From emissions to e-commerce - Air Cargo Week

Table of Contents

  • European air cargo demand grew 4.3 percent in 2025, but growth was uneven, with trade flows shifting toward the Europe–Asia corridor while intra-European volumes softened and Asia–North America weakened.
  • Rising regulatory and sustainability pressures, including the EU Deforestation Regulation and full ETS exposure from 2026, are increasing costs and complexity, forcing operators to balance demand growth against compliance burdens.
  • Volatility in rates, capacity and geopolitics is accelerating the shift toward AI, automation and data-driven platforms, making digital tools essential for forecasting, visibility and flexible routing rather than optional add-ons.

 

The European air cargo market posted a resilient 4.3 percent year-on-year demand increase by October 2025, but that headline masks a deeper reconfiguration.

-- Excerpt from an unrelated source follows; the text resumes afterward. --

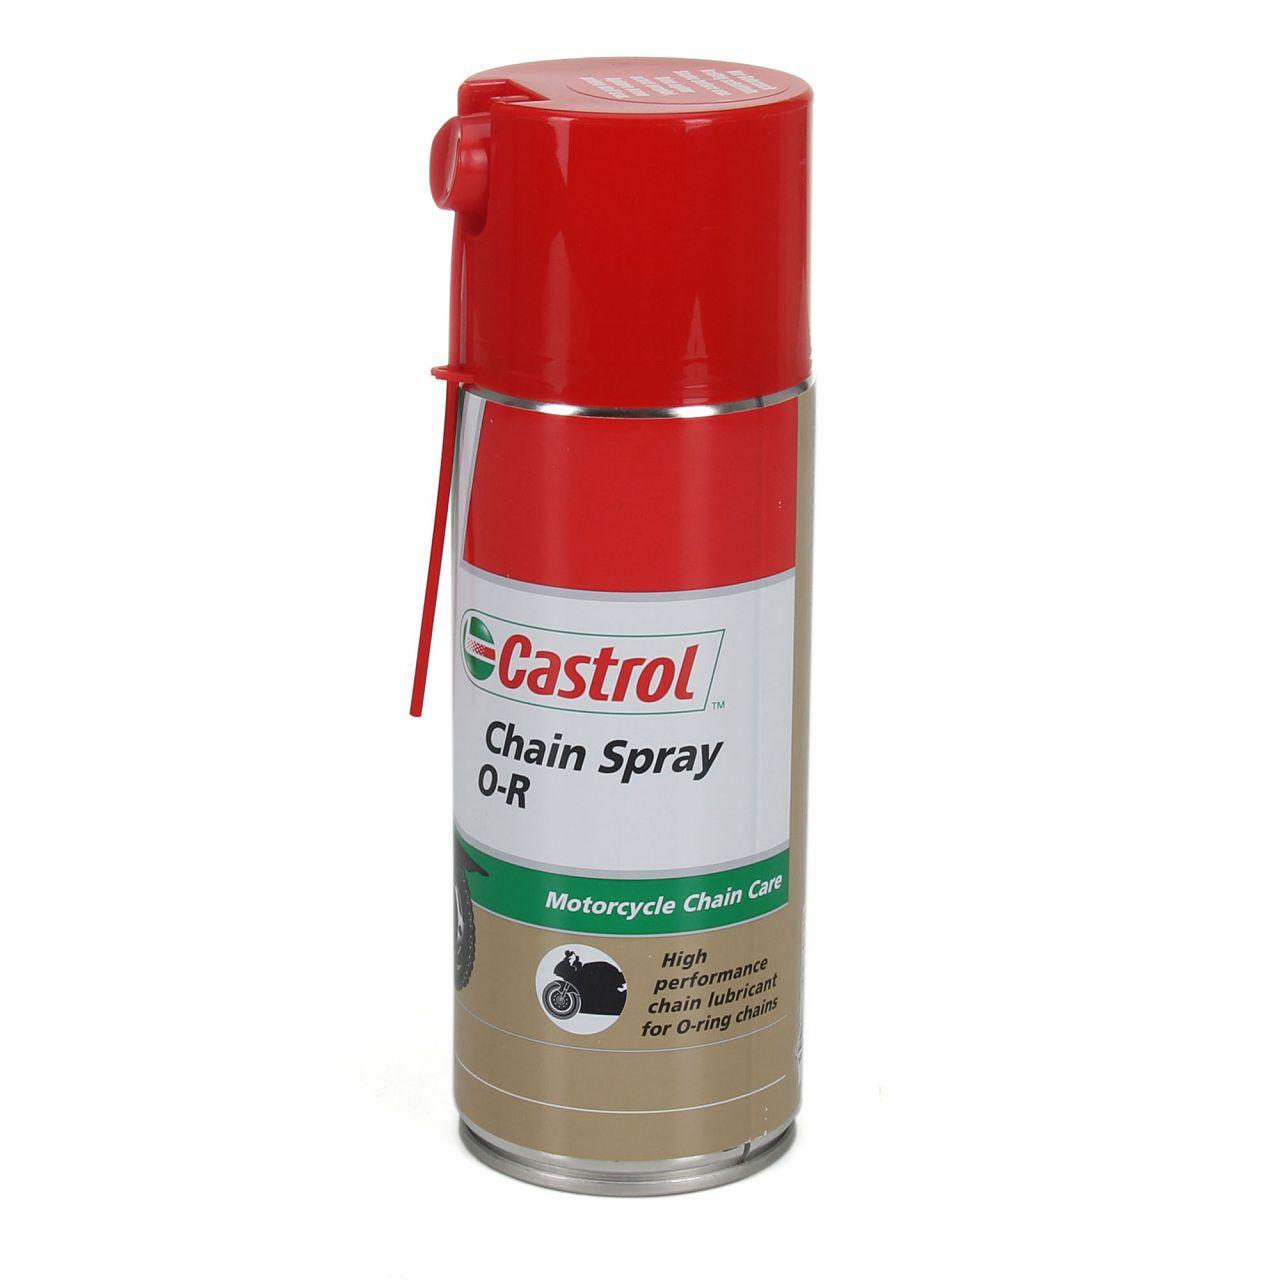 CASTROL Chain Spray O-R Kettenspray Kettenfett Fettspray Motorrad 3x 400ml

The defining trend was the redirection of trade flows, with the Europe-Asia corridor becoming the world’s strongest major lane, surging 11.7 percent in October. 

This spike was driven largely by “a pivot from Chinese e-commerce giants towards European consumers and the need to adapt supply chains amid global trade policy shifts.” In contrast, intra-European cargo volumes dipped slightly, underscoring the uneven distribution of growth across the continent. 

Automation moves forward 

On the operational side, Europe saw a mixed picture. While digitalisation continued to advance — including systems like Germany’s mandatory “Secure Release Order” for port containers – complexity increased elsewhere. “Operational procedures saw both simplification and complexity,” says Alexey Zotov, Managing Director of Air Cargo Green Capabilities S.a.r.l., part of ACN Group. 

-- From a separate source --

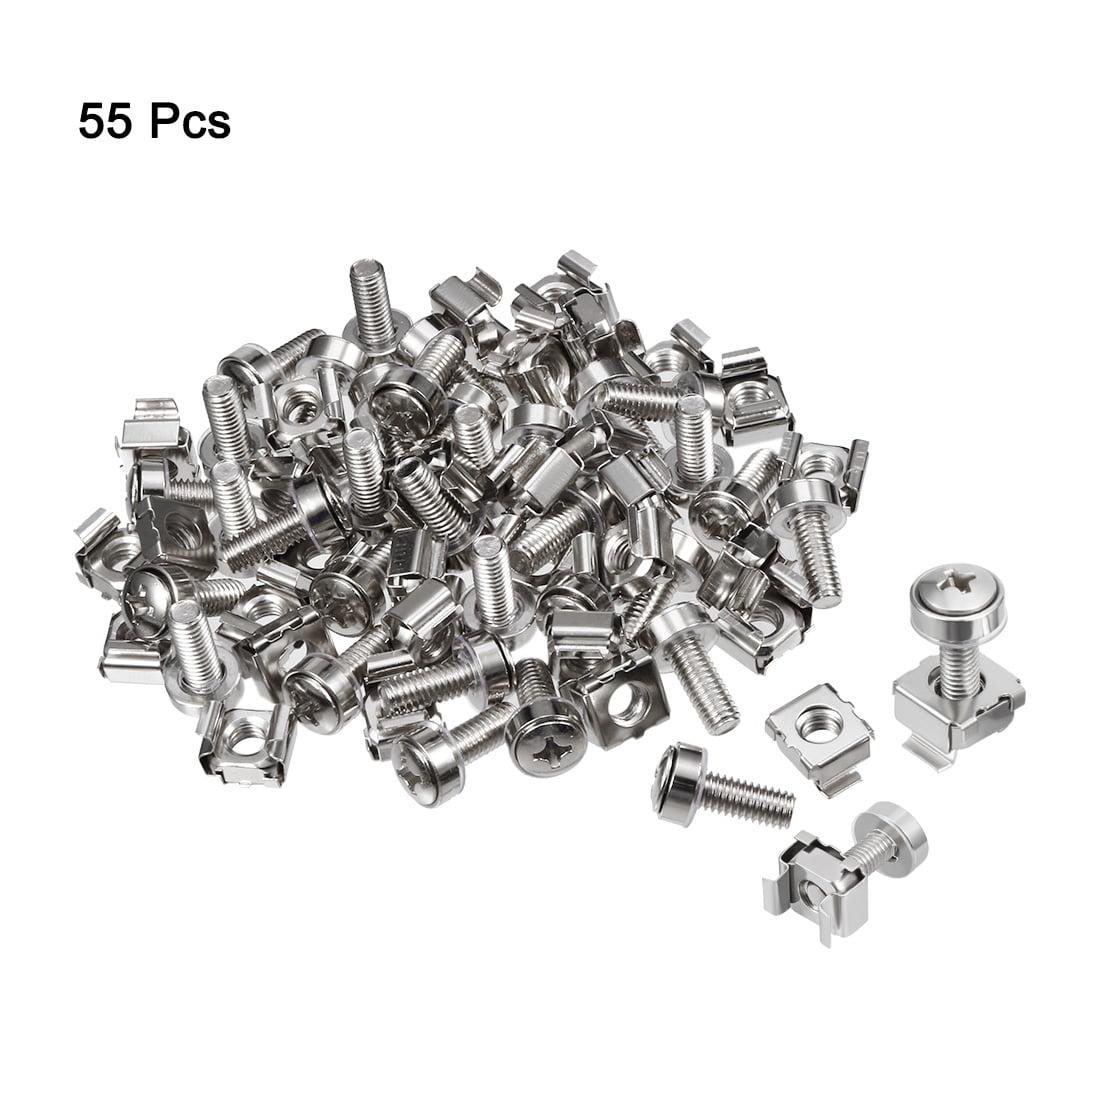 Unique Bargains 55pcs M5x20mm Carbon Steel Screws and Cage Nuts for Server Rack Cabinet - image 2 de 4

The regulatory horizon is adding new costs and risk. The EU Deforestation Regulation (EUDR), taking effect in January 2026, will require “extensive due diligence documentation for key commodities, risking customs holds for non-compliance.” Meanwhile, the EU Emissions Trading System (ETS) continues its phase-out of free allowances, directly impacting airline margins. 

“The key will be balancing this demand against rising regulatory and sustainability costs,” Zotov notes, pointing to growing pressure on operators to absorb or offset compliance-related burdens. 

Growth goes global 

Globally, 2025 defied gloomy expectations with projected three to four percent growth in air cargo demand. Africa led regional performance with 16.6 percent growth in October, while Asia-Pacific recorded 8.3 percent, buoyed by “high-value tech and AI-related shipments.” 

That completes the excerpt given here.